Sebelumnya, Anggota Dewan Energi Nasional (DEN) Satya Widya Yudha menyebut salah satu kendala pengembangan bioetanol di dalam negeri yaitu pungutan bea cukai untuk etanol fuel grade yang akan digunakan sebagai campuran BBM. Kondisi ini menurutnya cukup memberatkan bagi pengembangan bioetanol di Tanah Air.

“Kita coba nanti komunikasikan kepada Kementerian Keuangan yang kebetulan Menteri Keuangan juga anggota DEN untuk bisa membedah sehingga molase (tetesan tebu) itu bisa digunakan secara maksimal di dalam negeri. Nah itu yang menjadi apa menjadi pemikiran kita,” kata Satya dalam acara Energy Corner CNBC Indonesia, Selasa (28/11/2023).

Apalagi, lanjutnya, saat ini pemerintah juga telah menegaskan PT Pertamina (Persero) untuk memanfaatkan produksi bioetanol sebagai campuran BBM.

“Bioetanolnya itu biasanya di TBBM (Terminal BBM) Plumpang itu dikirim ke beberapa daerah. Pada waktu pengiriman saja itu transportasinya juga memakan cost karena produksinya ditampungnya di TBBM Plumpang, kalau dikirim ke Jawa Timur harus menggunakan truk tangki sehingga harga di Jawa Timur sudah akan lebih nambah lagi. Maka kenapa perlu ada insentif,” tuturnya.

Di samping itu, Satya mengungkapkan Indonesia juga mempunyai target produksi bioetanol yang berasal dari tanaman tebu hingga 1,2 juta kiloliter (kl) pada tahun 2030.

Hal tersebut termuat di dalam peta jalan yang menjadi amanat Peraturan Presiden Republik Indonesia Nomor 40 Tahun 2023 tentang Percepatan Swasembada Gula Nasional dan Penyediaan Bioetanol Sebagai Bahan Bakar Nabati (Biofuel).

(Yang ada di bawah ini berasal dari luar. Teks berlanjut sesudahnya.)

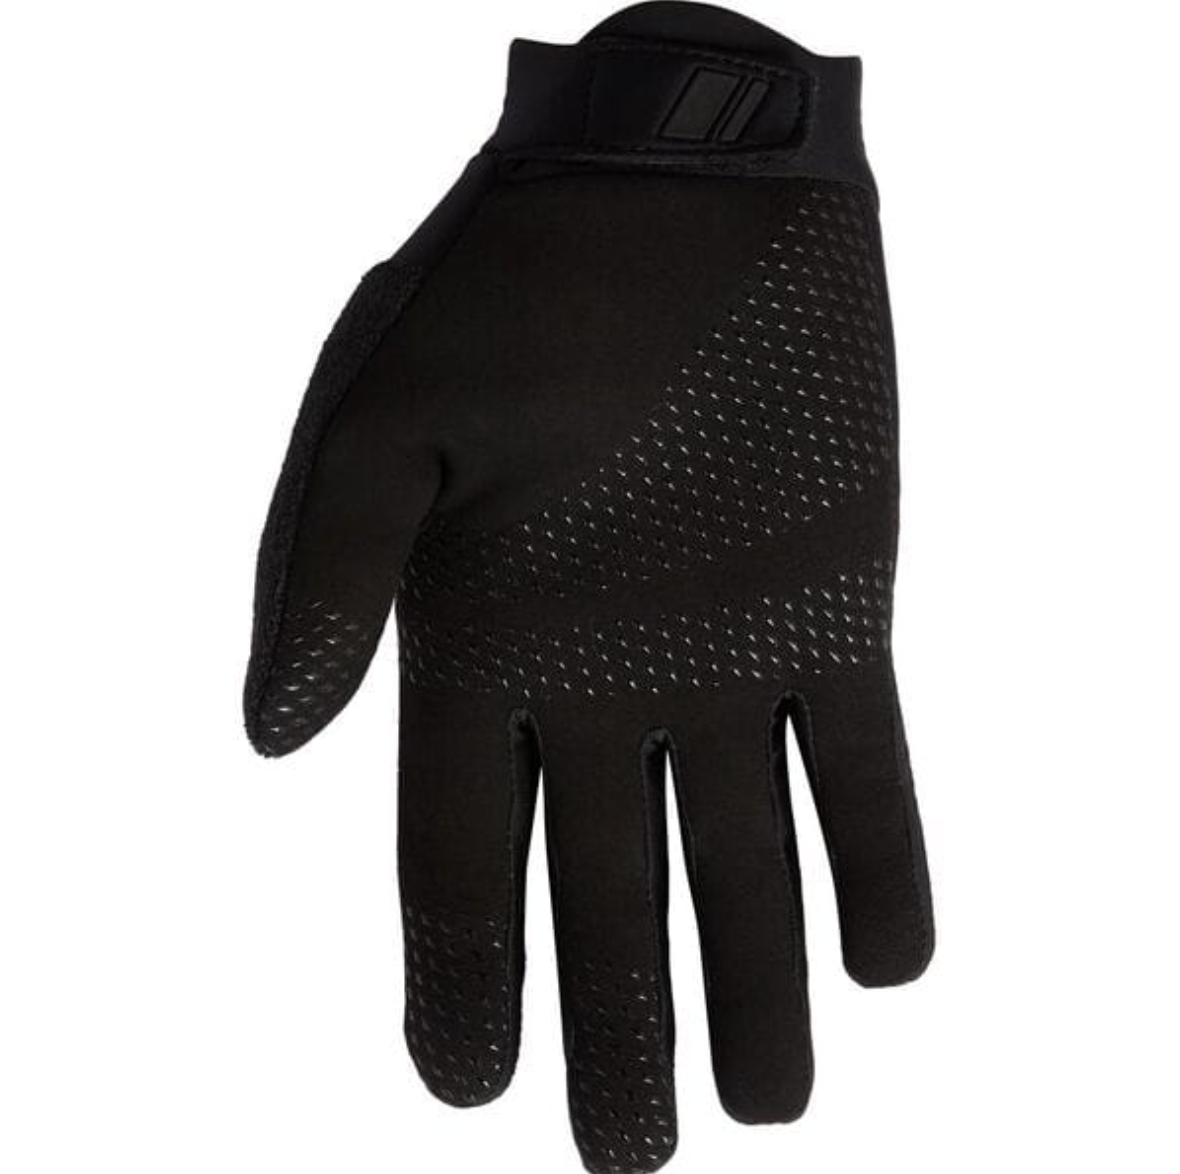 Madison Zenith 4-season DWR Thermal gloves
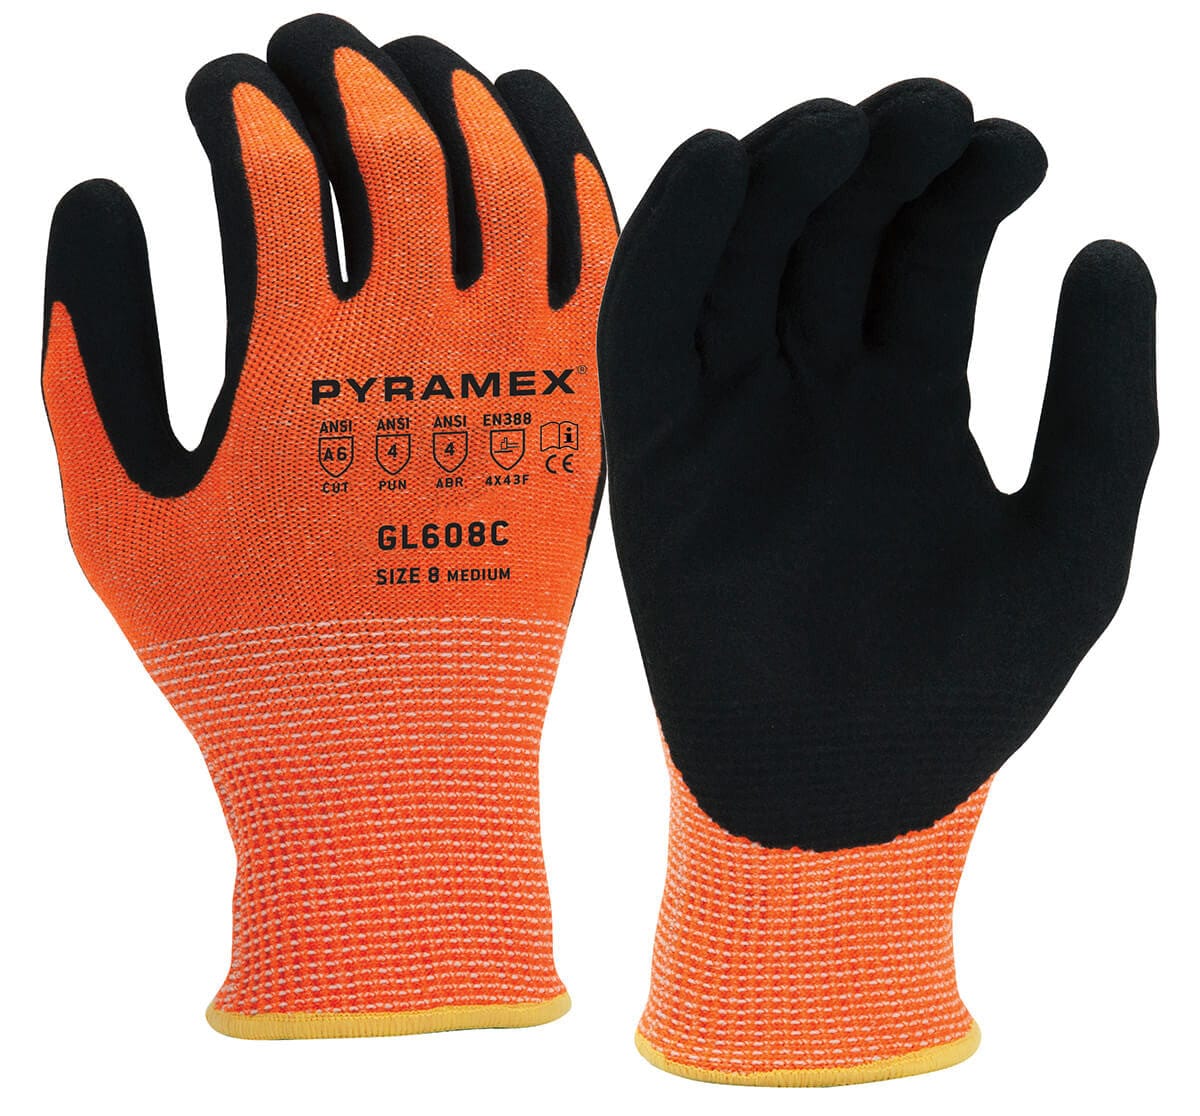 Pyramex GL608C Cut-Resistant A6 Sandy Nitrile Dipped Gloves

Seperti diketahui, Pertamina kini telah mencampurkan bioetanol 5% (E5), khususnya yang berasal dari tetes tebu (molase), ke dalam BBM Pertamax (RON 92), sehingga menghasilkan produk setara RON 95 atau Pertamax Green 95. Penjualan Pertamax Green 95 ini telah dilakukan sejak Juni 2023.

Adapun penjualan Pertamax Green 95 saat ini telah mencapai 5.000 liter per hari atau sekitar 150.000 liter per bulan.